**Excerpted data**
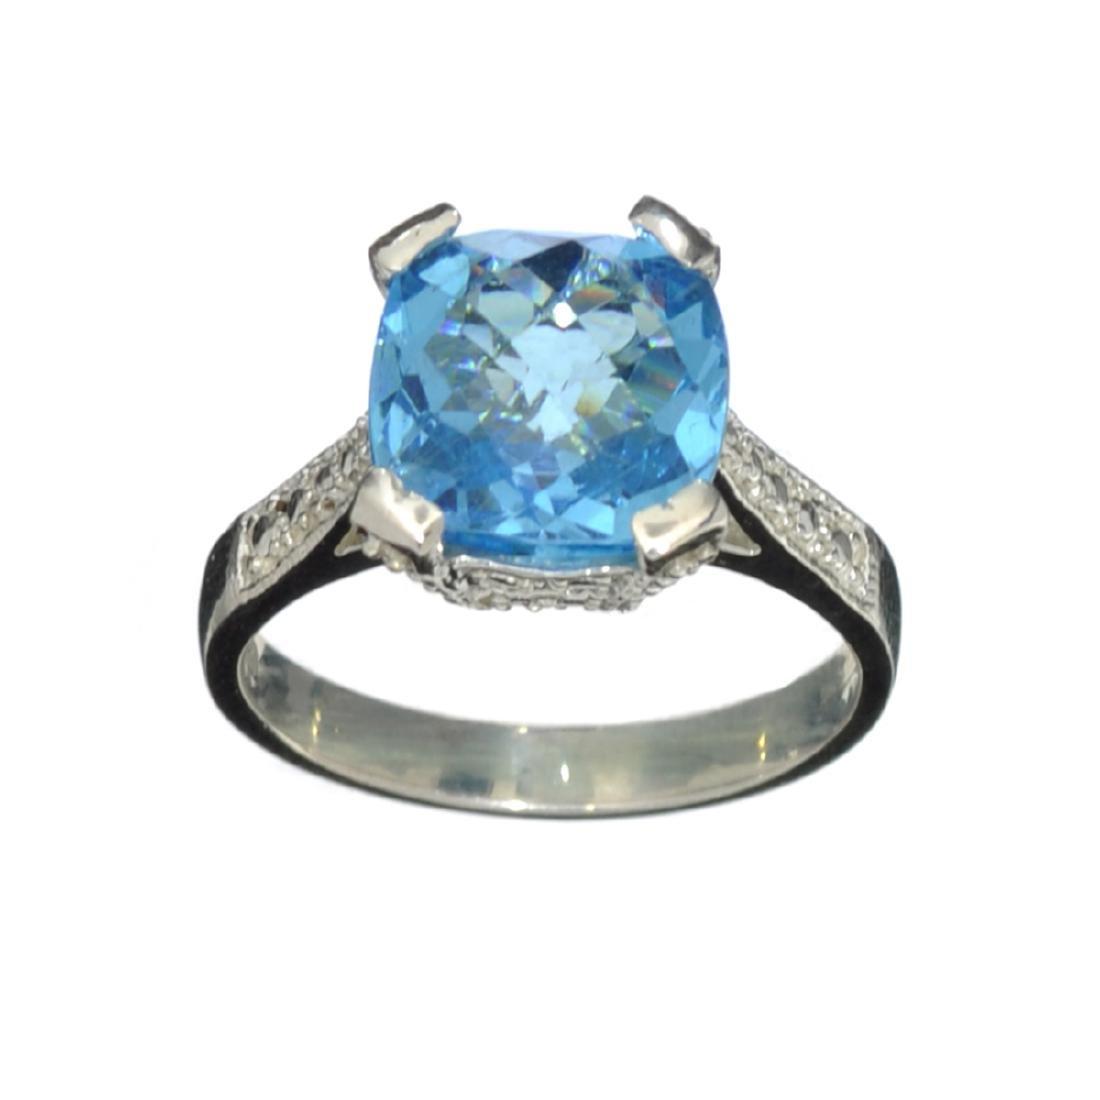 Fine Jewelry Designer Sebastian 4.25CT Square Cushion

--

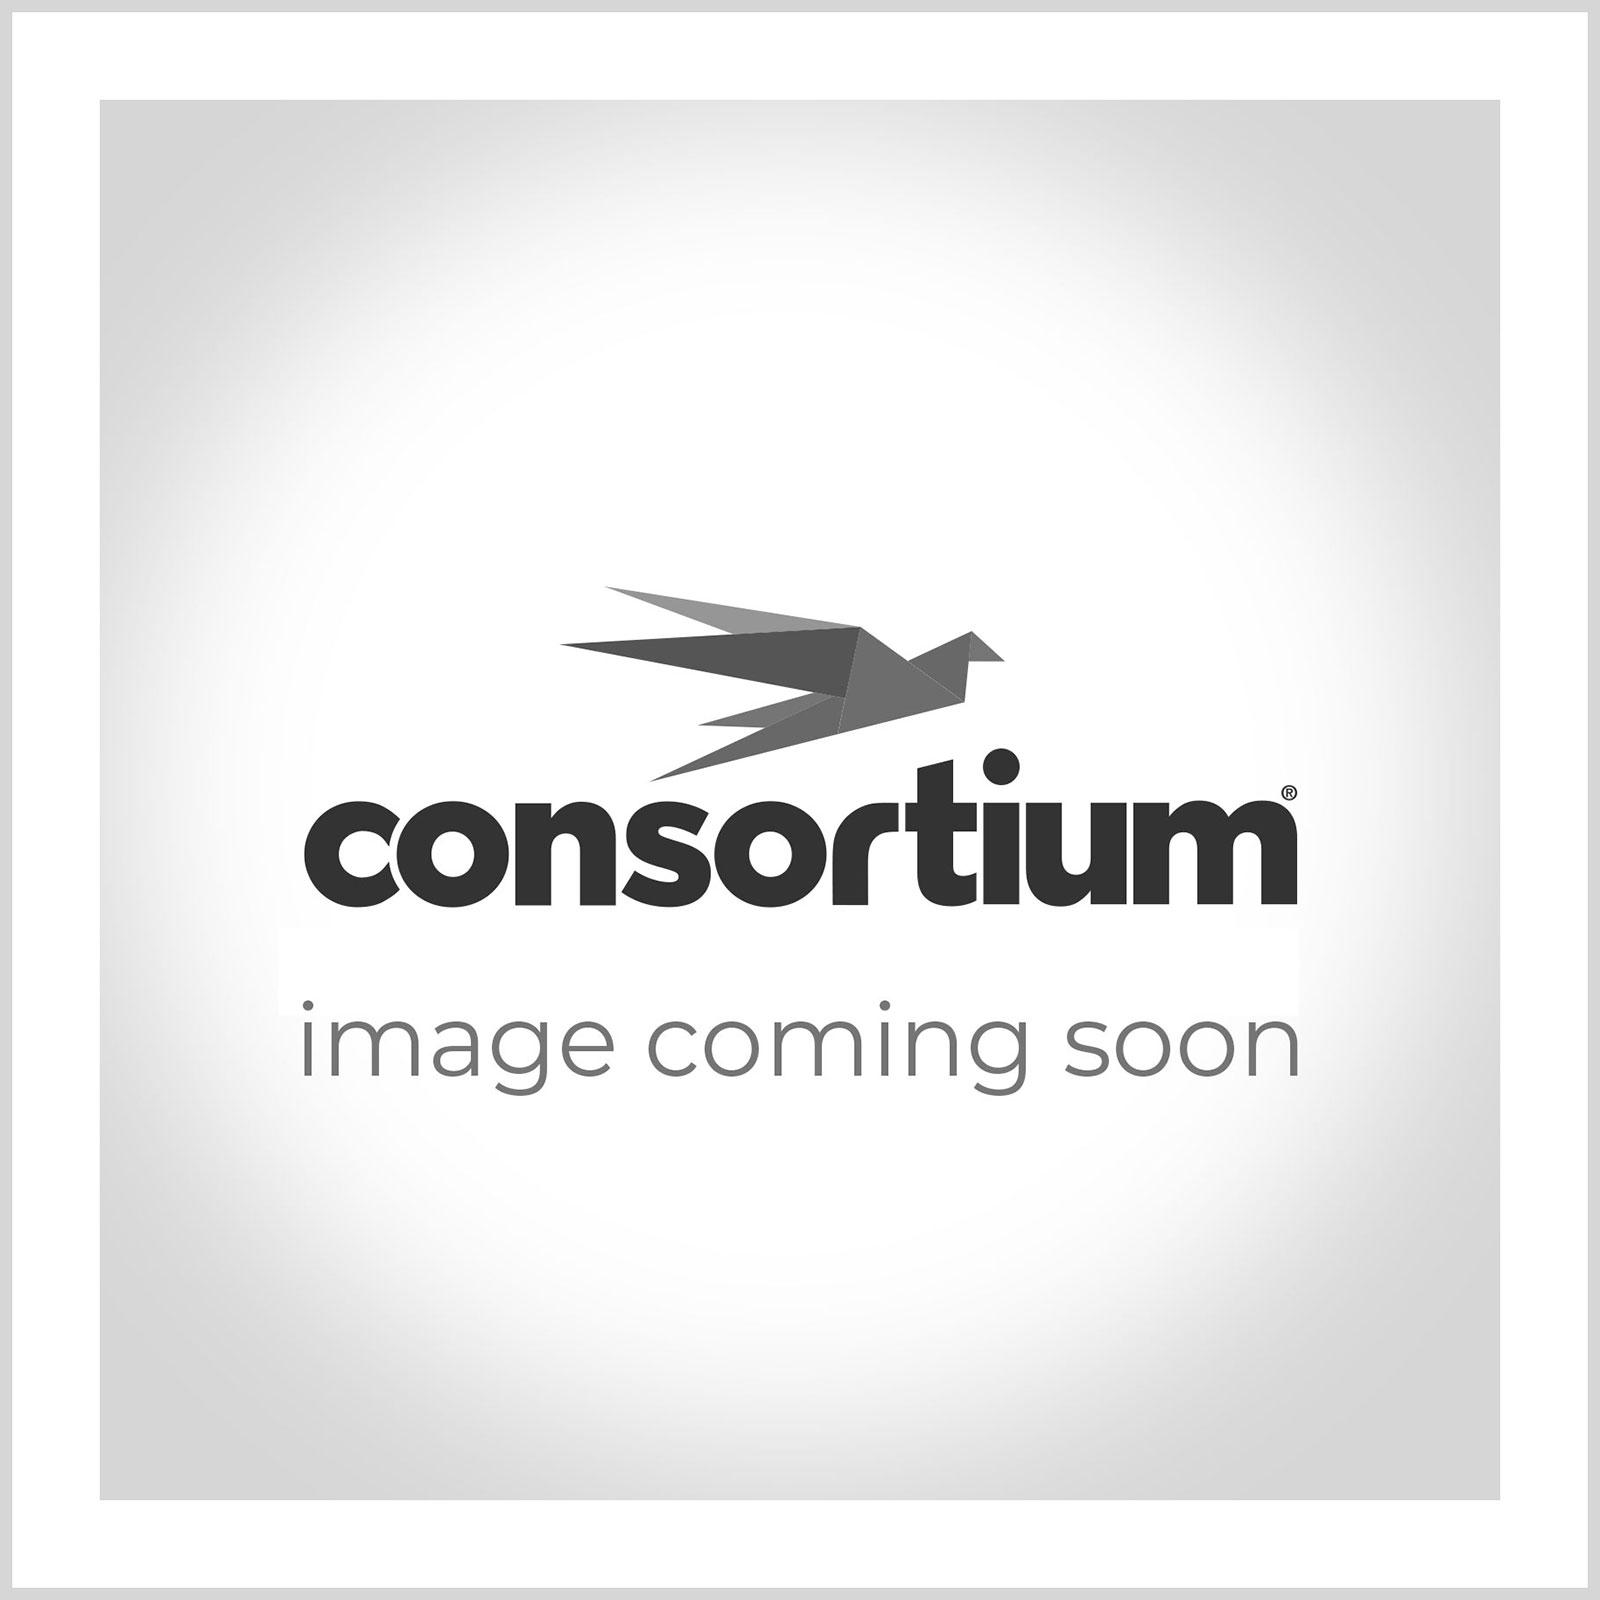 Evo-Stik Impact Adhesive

---

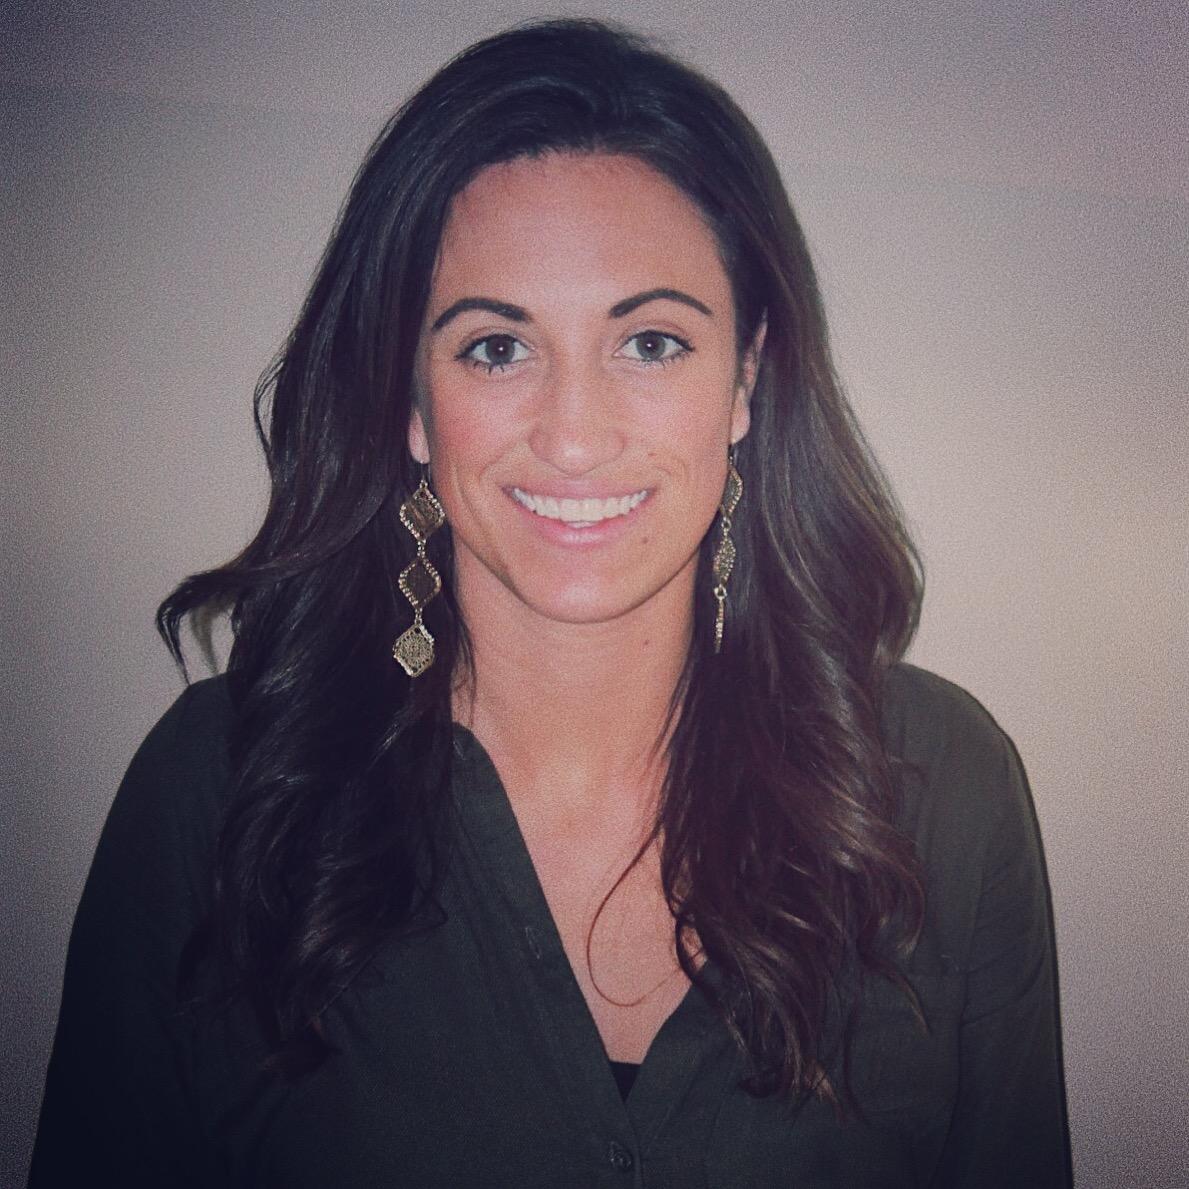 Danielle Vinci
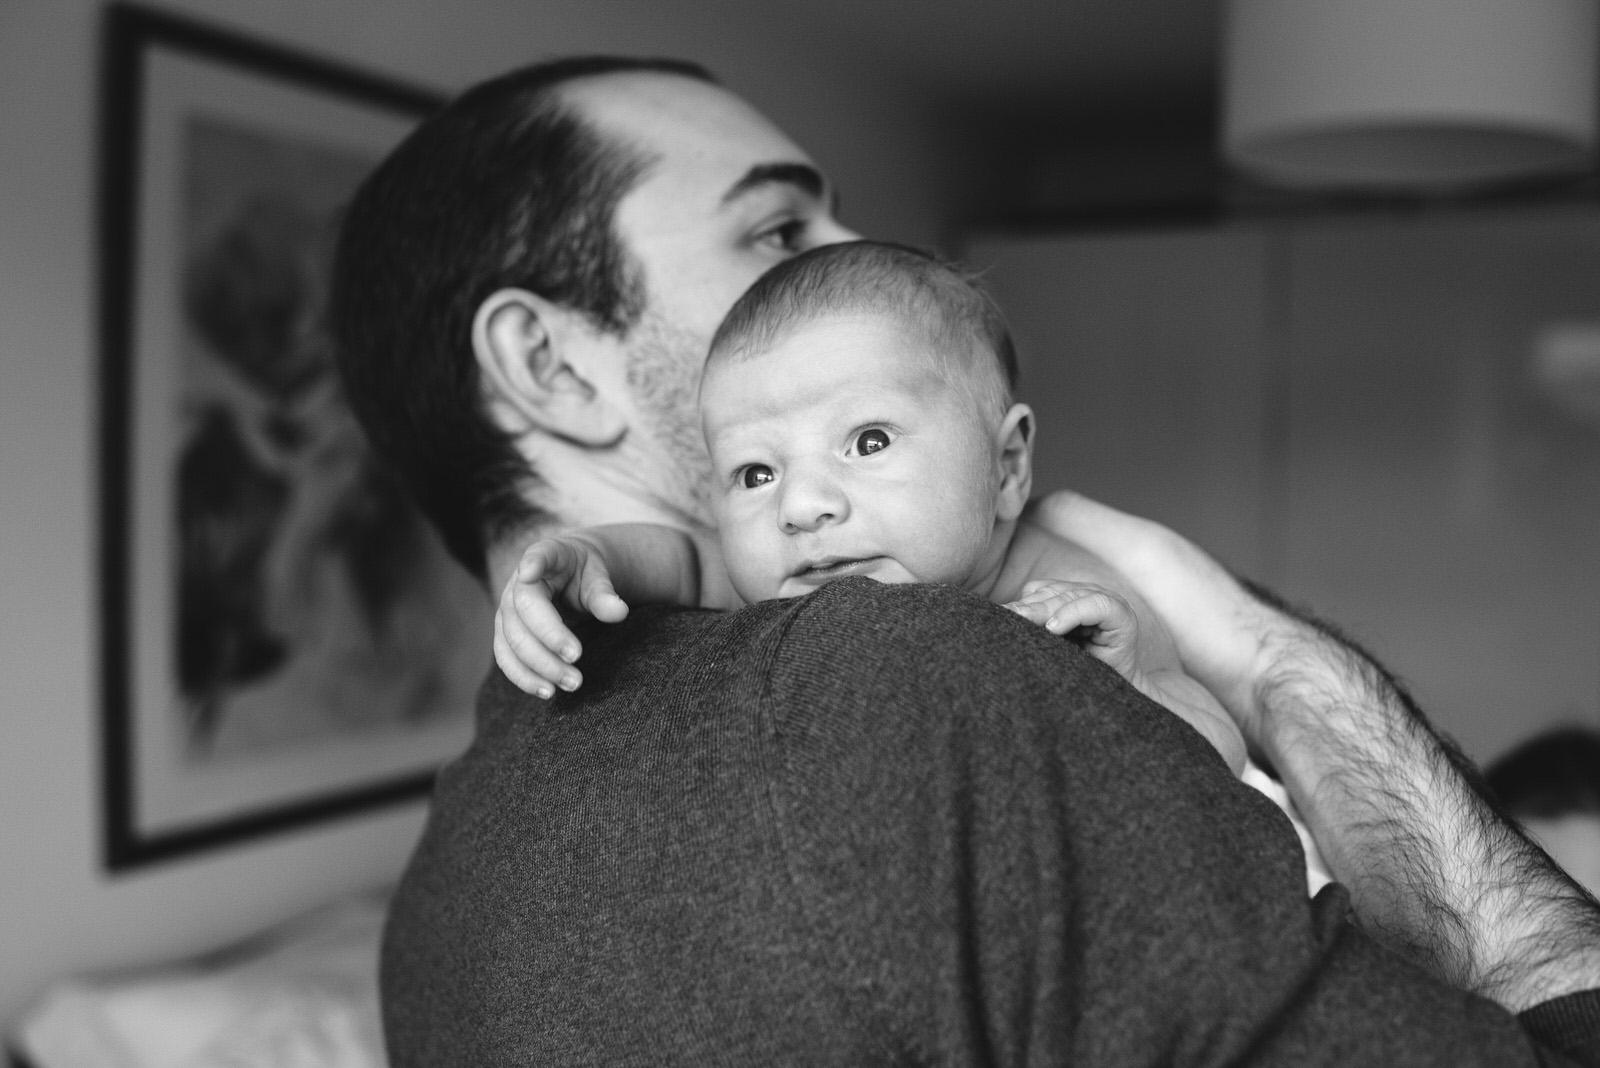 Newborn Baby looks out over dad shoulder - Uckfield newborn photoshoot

**What is expected**
In the data above, retype only the stretch from the line with "Danielle Vinci" through the line with "Newborn Baby looks", word for word, and skip any pictures.

**Answer for this exercise**
 Danielle Vinci
 Newborn Baby looks out over dad shoulder - Uckfield newborn photoshoot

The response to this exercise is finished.